## Time-Efficient Reinforcement Learning with Stochastic Stateful Policies
Firas Al-Hafez, Guoping Zhao, Jan Peters, Davide Tateo
Keywords: 
ICLR/2024/Proceedings/19415 - Time-Efficient Reinforcement Learning with Stochastic Stateful Policies.pdf
Project URL: nan

### Implementation
_Given the documentation shared by the authors on a new method, how much effort would it be to re-implement the method from scratch?_

[2]

The authors provide an implementation link in the abstract (https://github.com/robfiras/s2pg). Readme has an overview of the method, how to install, brief details on how to run experiments. Code has good comments. Structure needs an index. Pseudo code in appendix C.

### Data
_Given the data description in the documentation, how much effort would it take to either: Find the same data set the authors used, or a similar data set and defend the comparability, or acquire one from scratch?_

[2]

(3/3)

Authors use environments from MuJoCo Gym: AtlasPOMDP-Carry, HumanoidPOMDP-Walk, HumanoidPOMDP-Run. Download instructions in repo. Few details provided.

### Configuration 
_Given the (hyper)parameters, including semantic parameters, of the method: How much effort would it take to acquire the algorithm configurations used for obtaining the reported results, and compare them against their computation budget?_

[5]

HPs not discussed but can be extracted from code (with some effort). 

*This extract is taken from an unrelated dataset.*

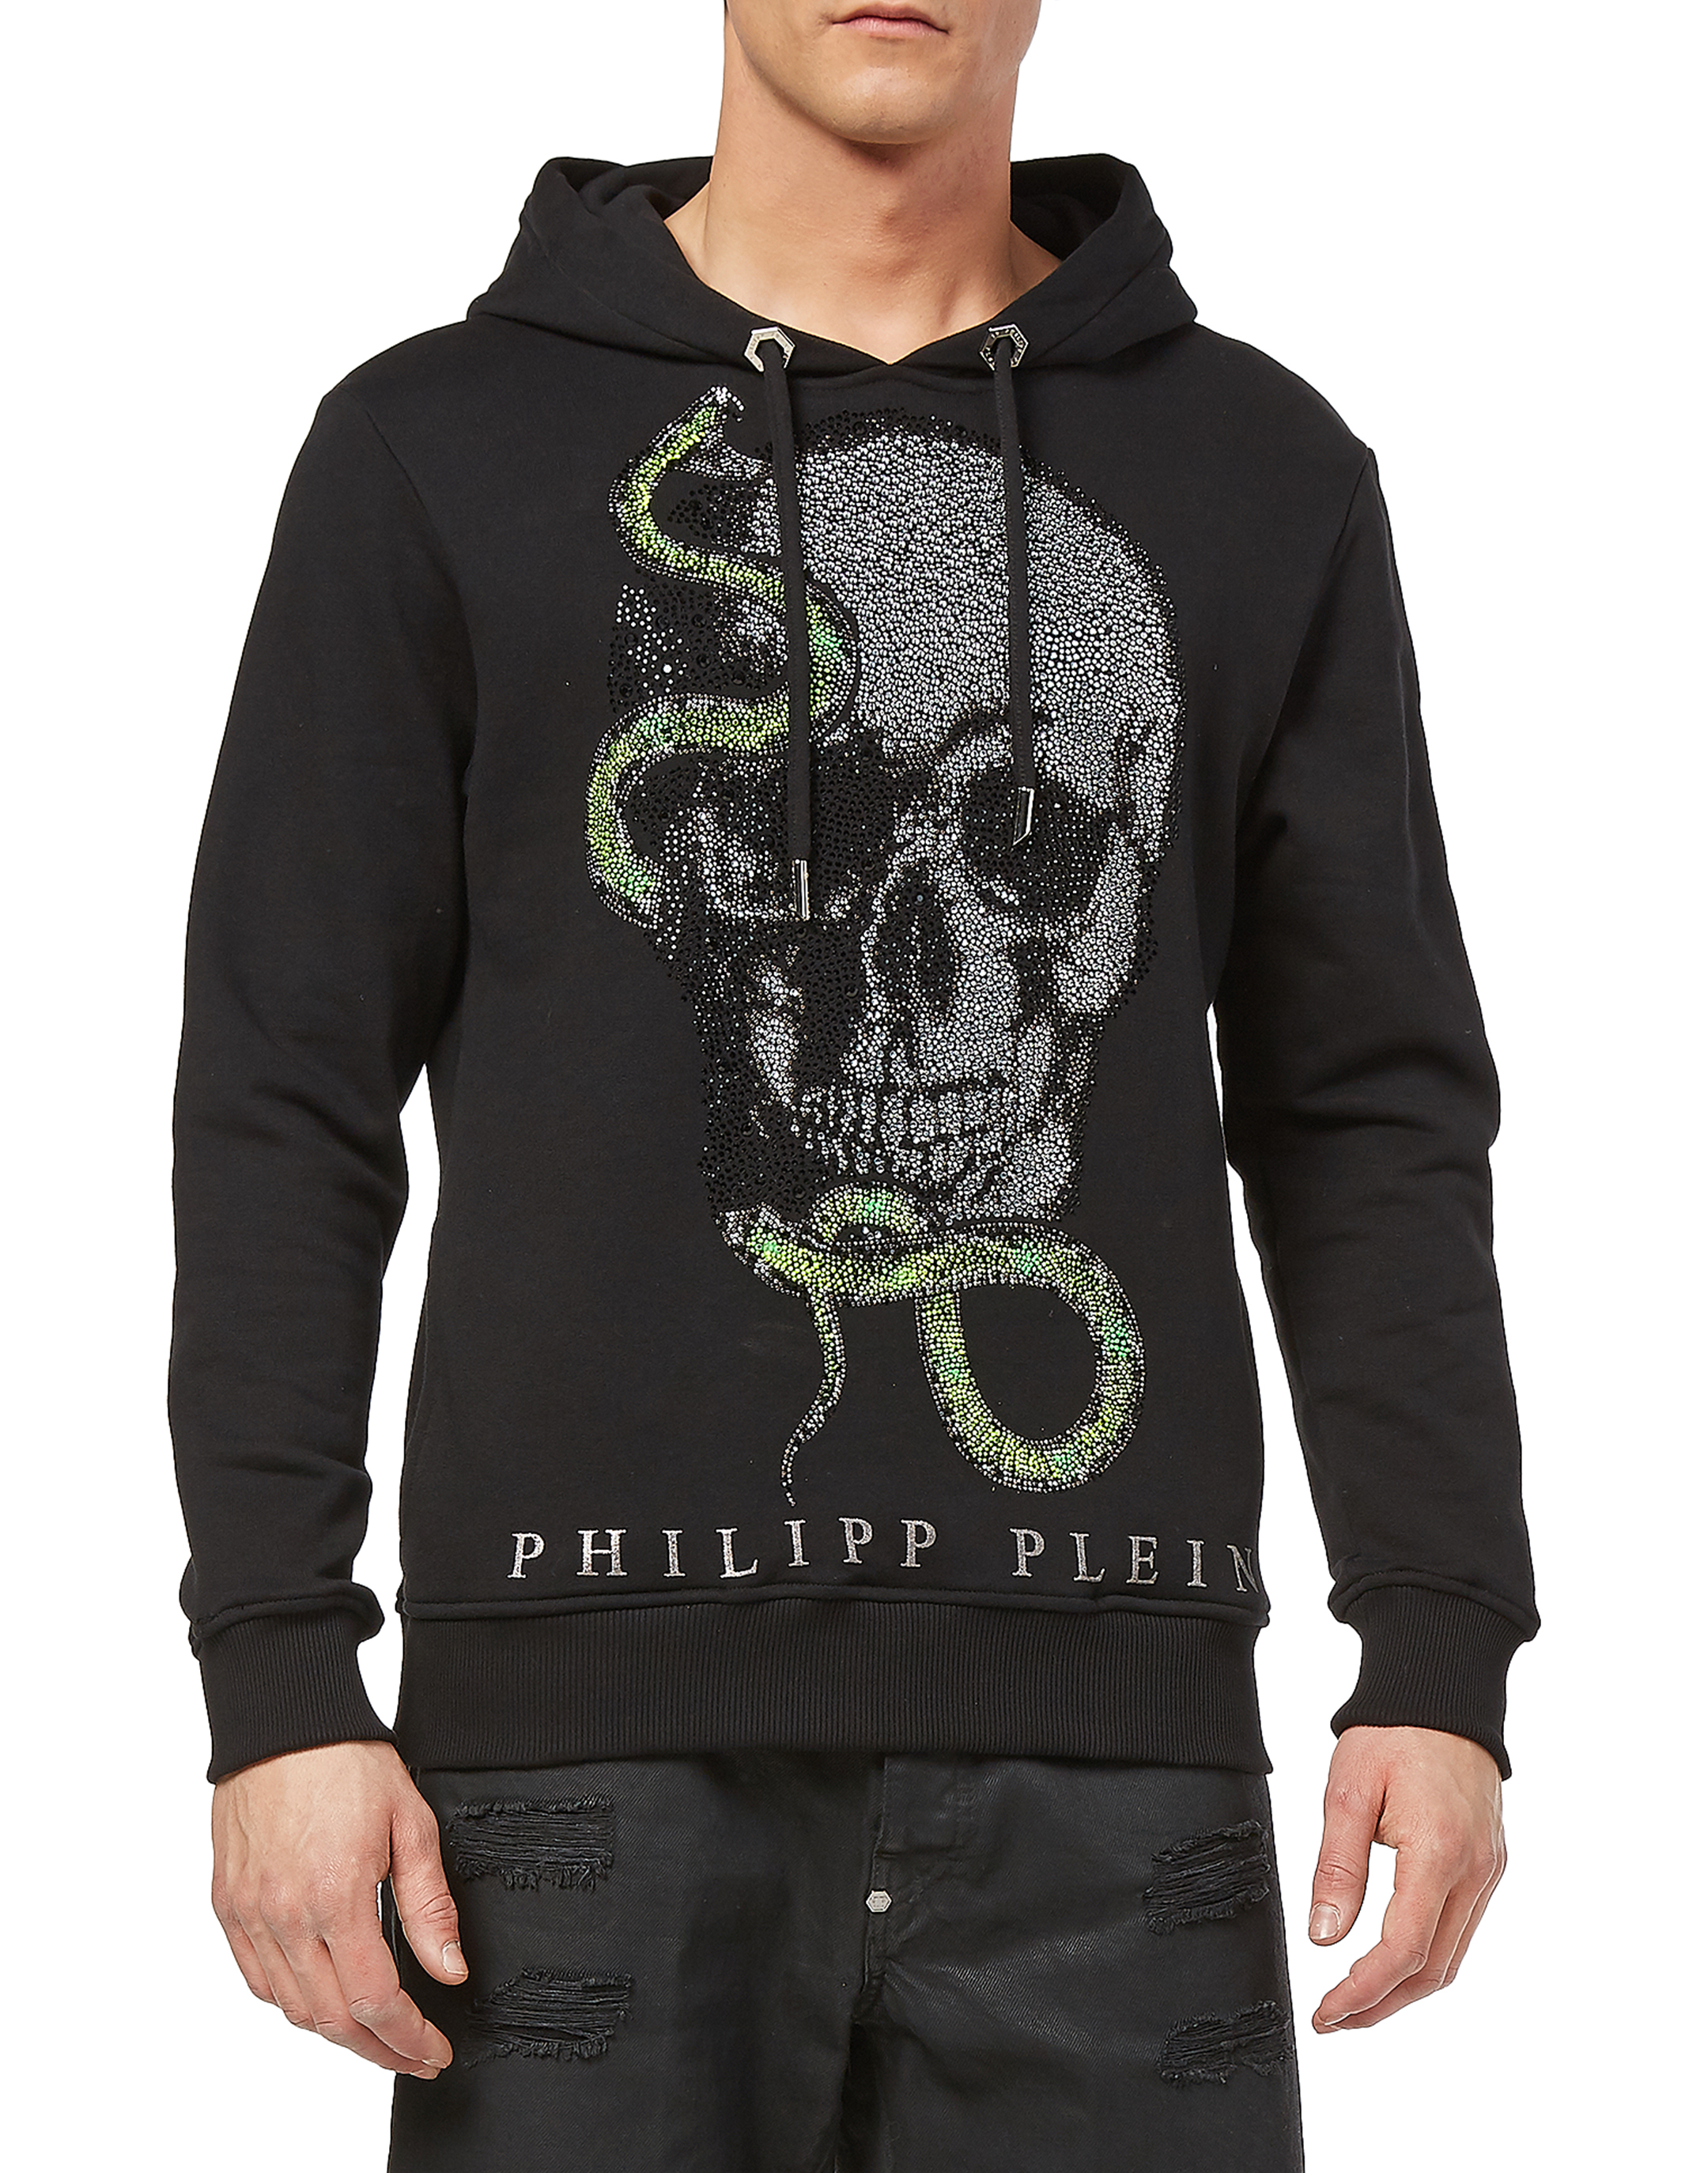 philippe plein hoodie
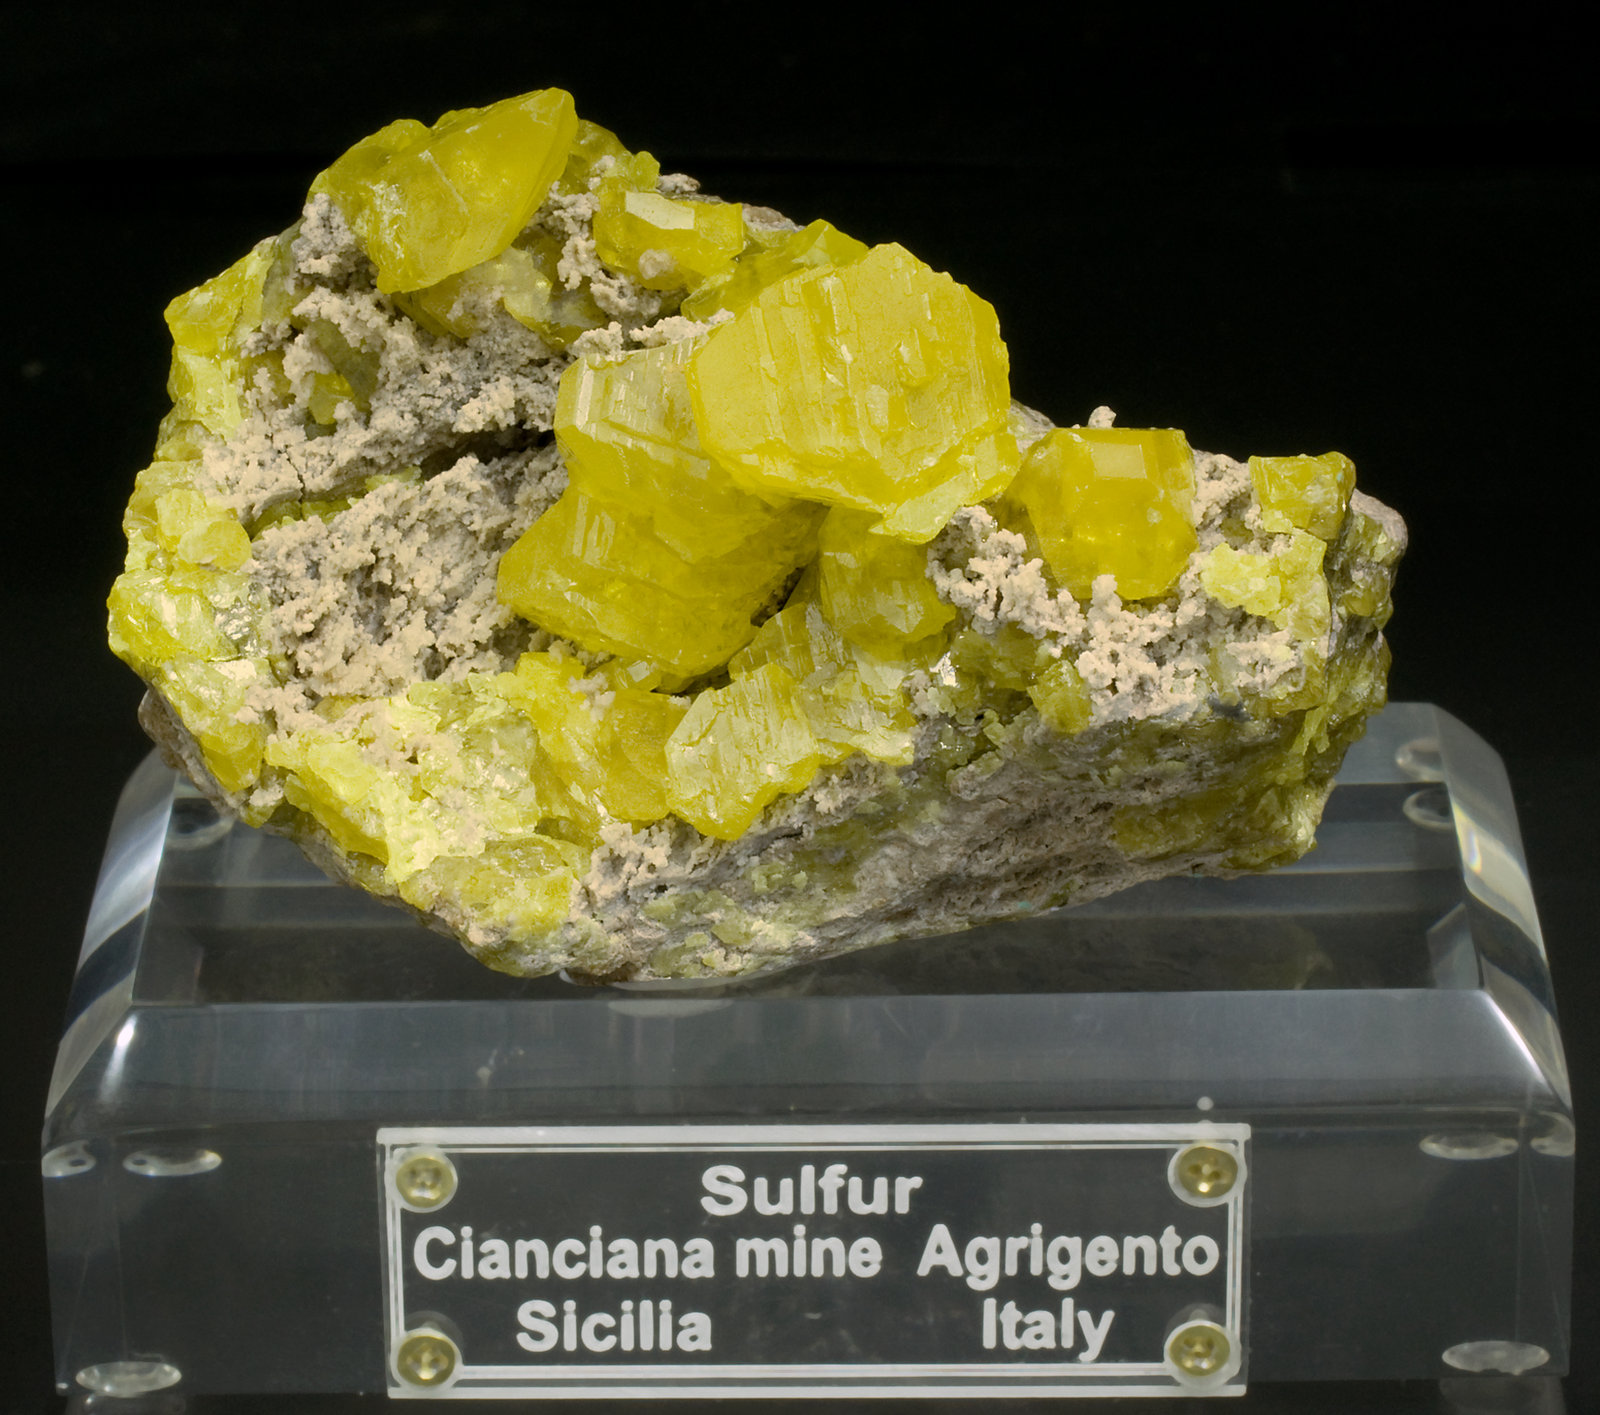 specimens/s_imagesP9/Sulfur-AB79P9f.jpg

### Experimental Procedure
_Given the setup of experiments reported in the work, how difficult is it to set up a new experiment with the same procedure, similar to those presented in the original work?_

[1]

Results show the mean and 95% confidence interval, over 10 seeds. Data split n/a. metric is environment reward.

### Expertise
_How much effort would it take to acquire the expertise required to reproduce the work independently relying solely on the available documentation?_

[3]

n/a